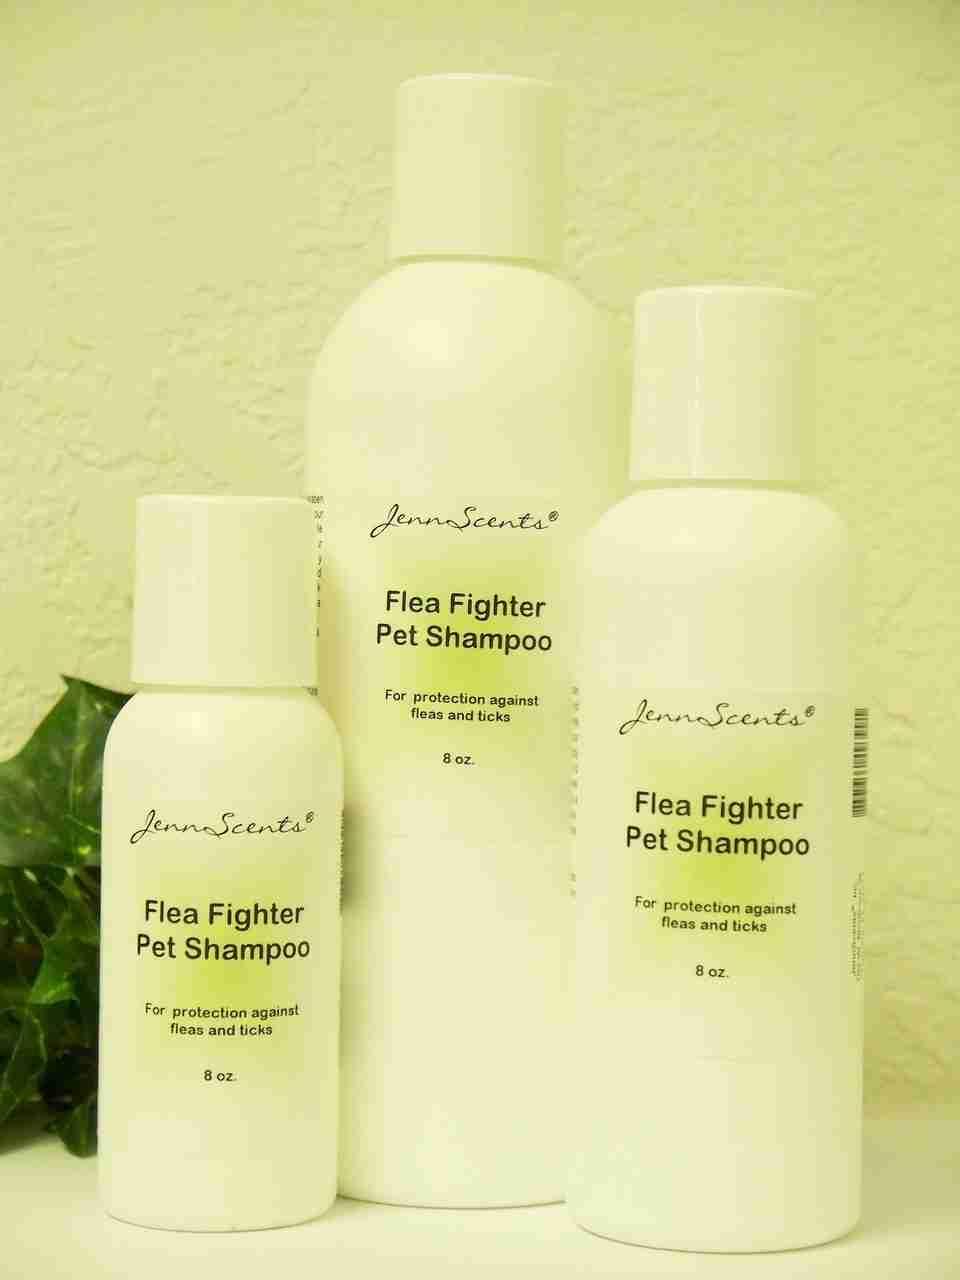 Flea Fighter Shampoo
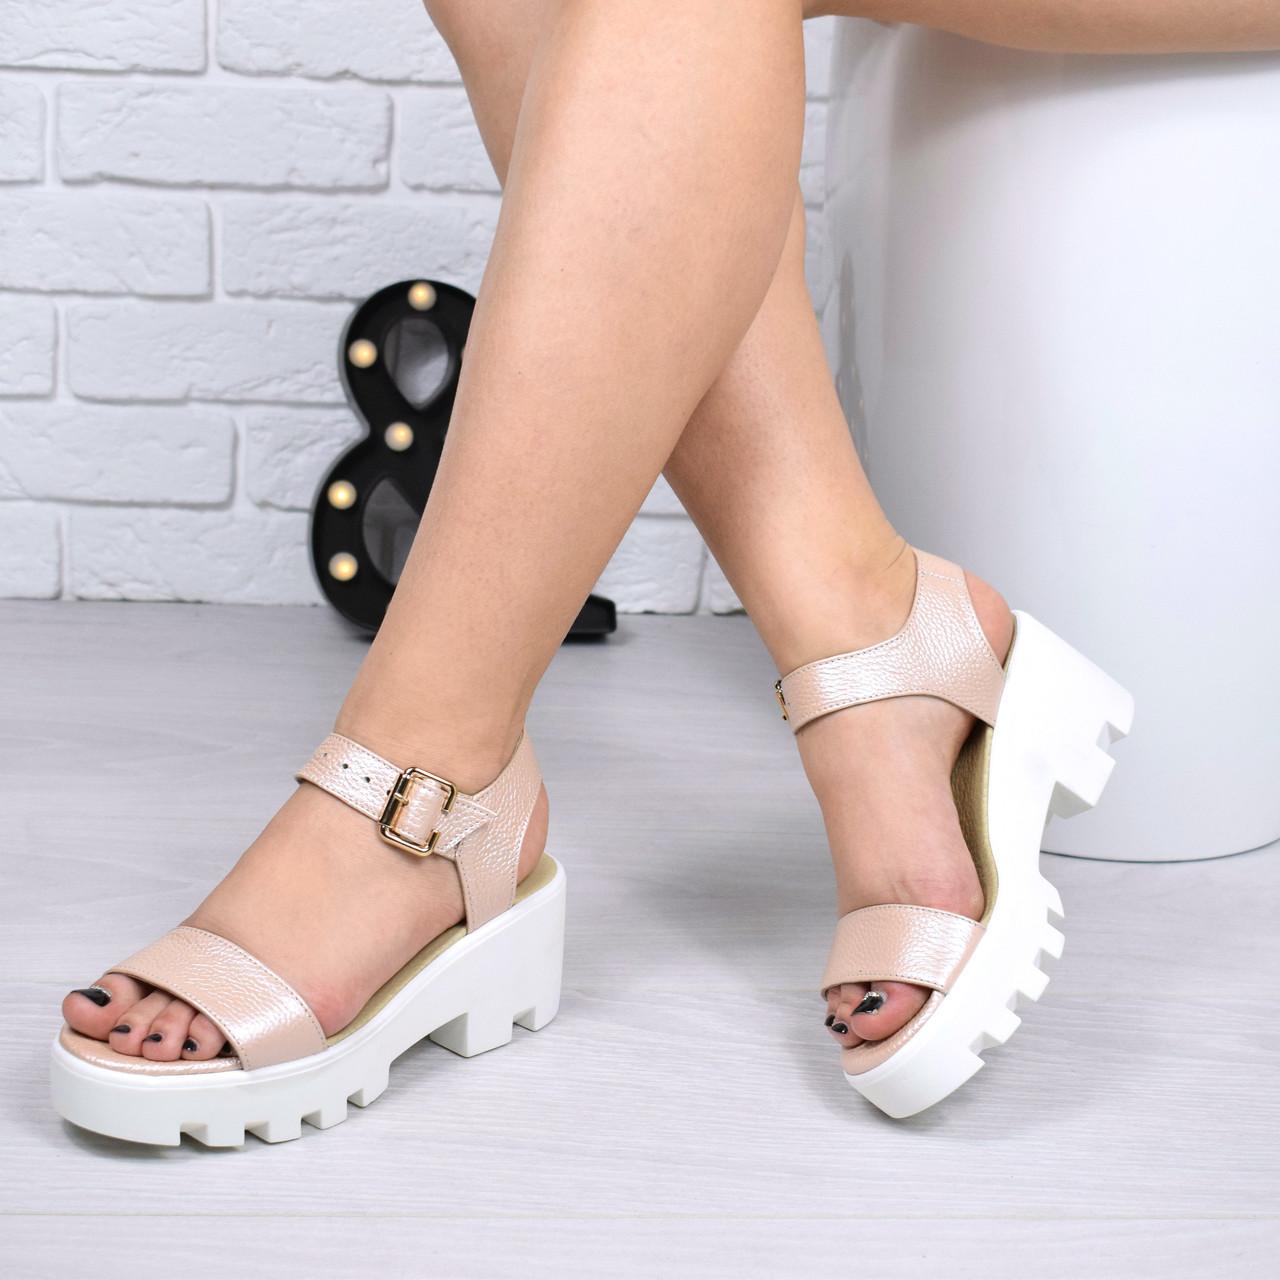 bba50590d80c Босоножки, туфли, сандали, сабо балетки, женские пудровые
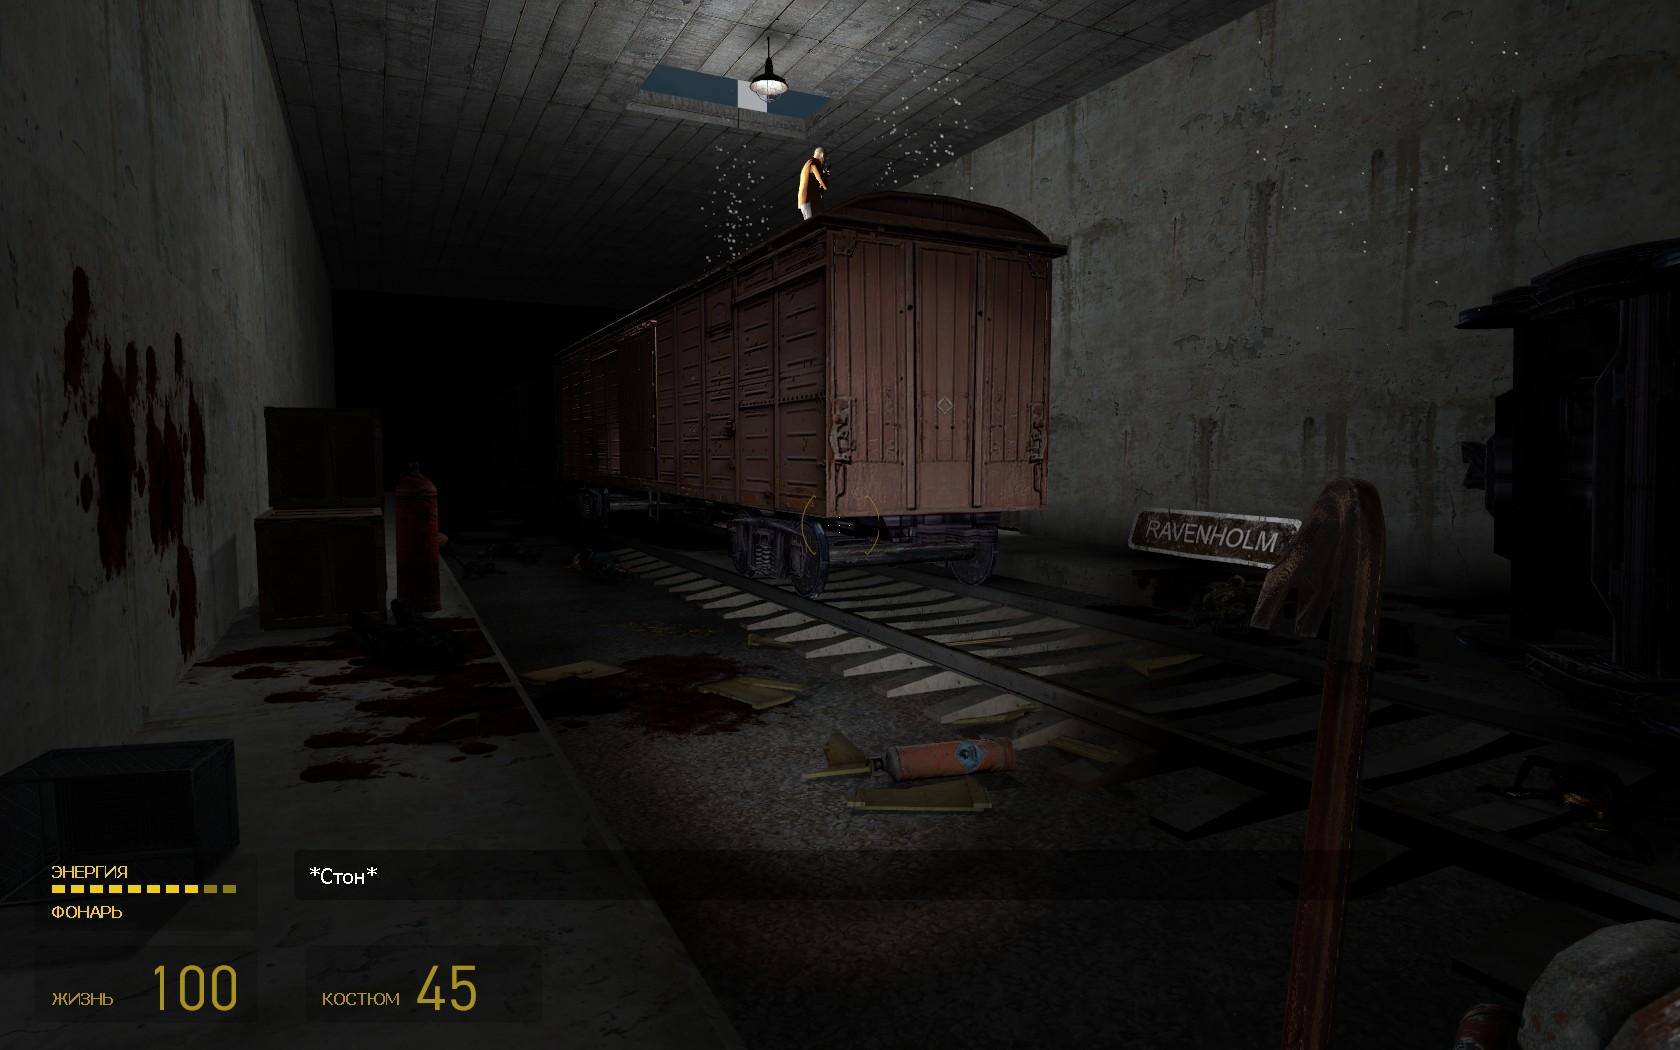 ravenholmlc20007 - Half-Life 2 ravenholmlc20007

════════════════════

→ WHAT YOU ARE ASKED TO DO: Would you retype every line shown above exactly, leaving the pictures aside?

→ RESULT:
 Flea Fighter Shampoo
 bba50590d80c Босоножки, туфли, сандали, сабо балетки, женские пудровые
 ravenholmlc20007 - Half-Life 2 ravenholmlc20007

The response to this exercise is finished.